◆ TASK OBJECTIVE
From the records, return each line that has the word "Vintage" in it.

**** DATA FOR REVIEW

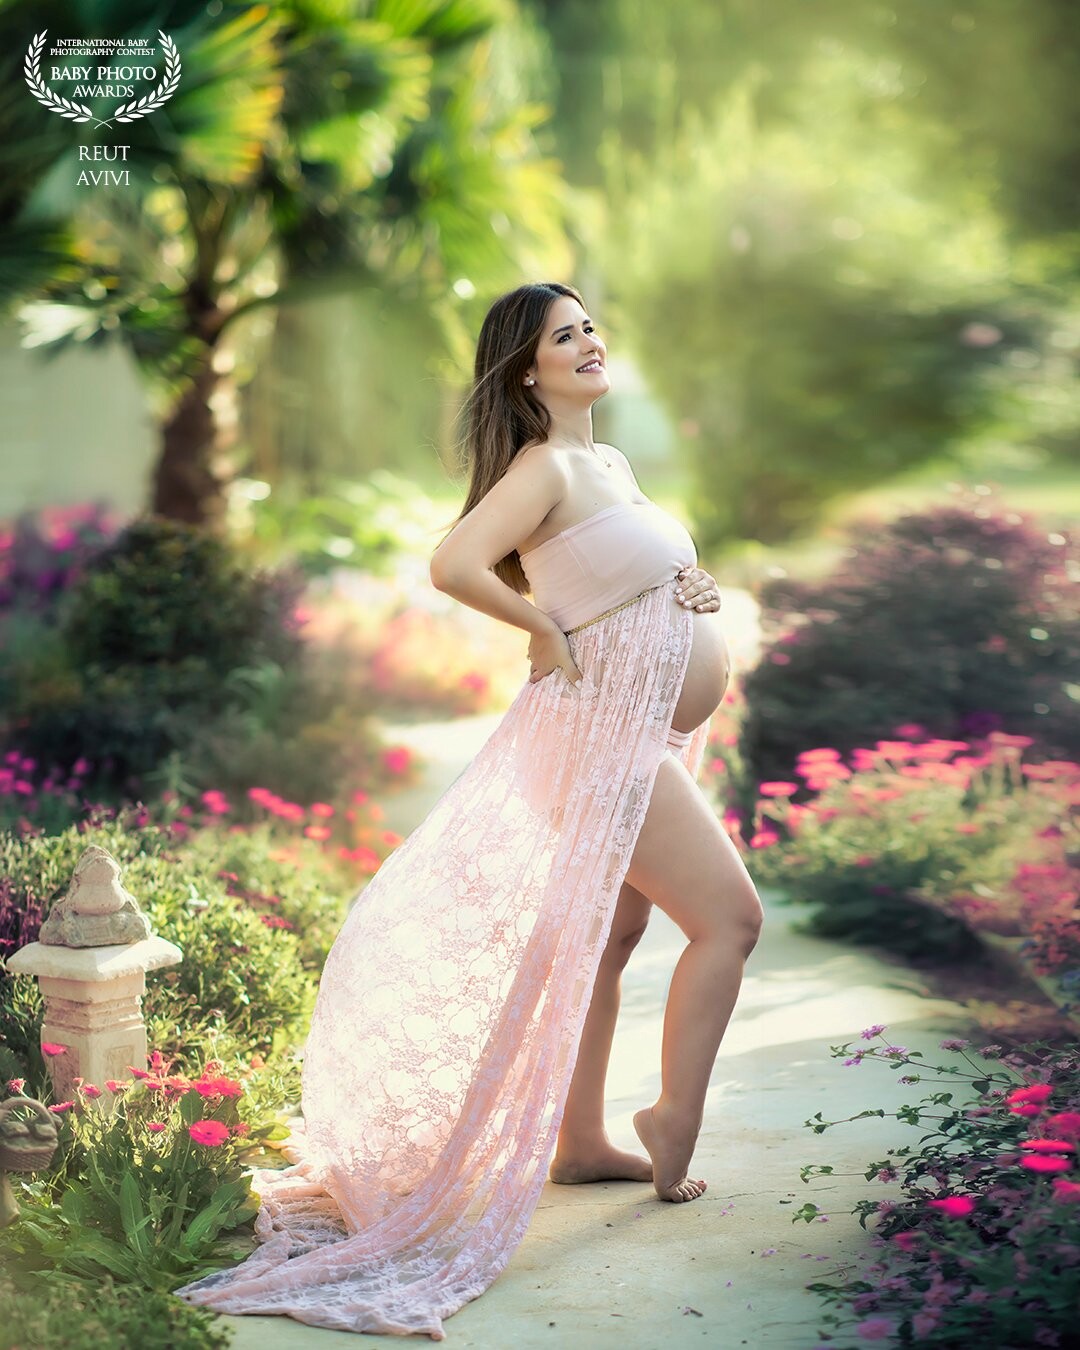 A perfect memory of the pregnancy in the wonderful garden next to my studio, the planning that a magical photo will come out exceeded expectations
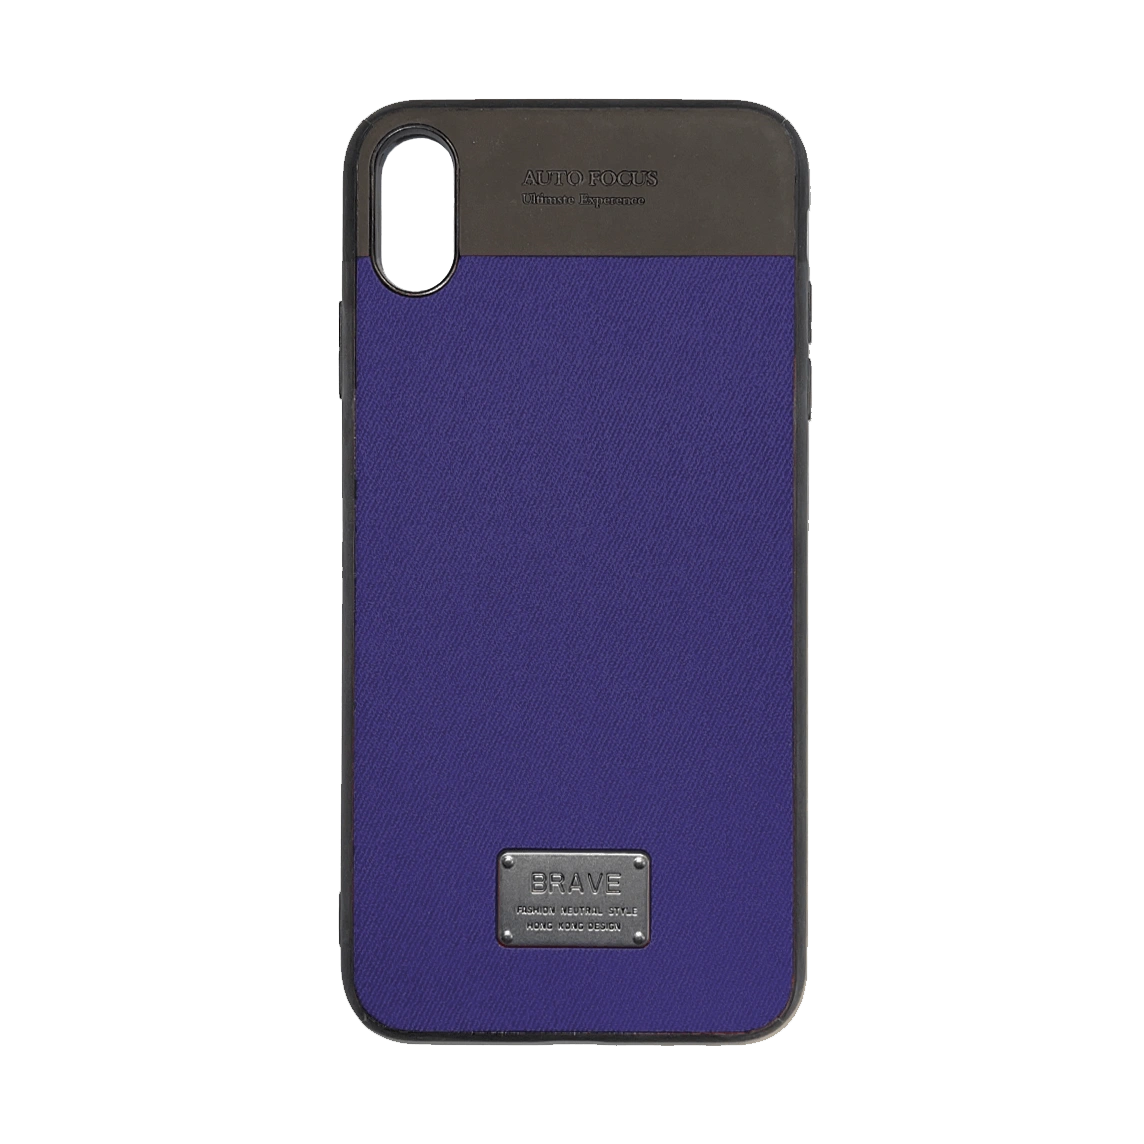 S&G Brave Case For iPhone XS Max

********
**** DATA FOR REVIEW

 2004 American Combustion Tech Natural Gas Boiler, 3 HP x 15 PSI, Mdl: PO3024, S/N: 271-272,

********
**** DATA FOR REVIEW

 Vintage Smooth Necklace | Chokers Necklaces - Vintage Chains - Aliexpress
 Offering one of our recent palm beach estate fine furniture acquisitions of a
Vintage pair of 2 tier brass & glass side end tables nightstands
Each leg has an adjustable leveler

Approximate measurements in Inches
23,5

********

◆ TASK ANSWER
 Vintage Smooth Necklace | Chokers Necklaces - Vintage Chains - Aliexpress
Vintage pair of 2 tier brass & glass side end tables nightstands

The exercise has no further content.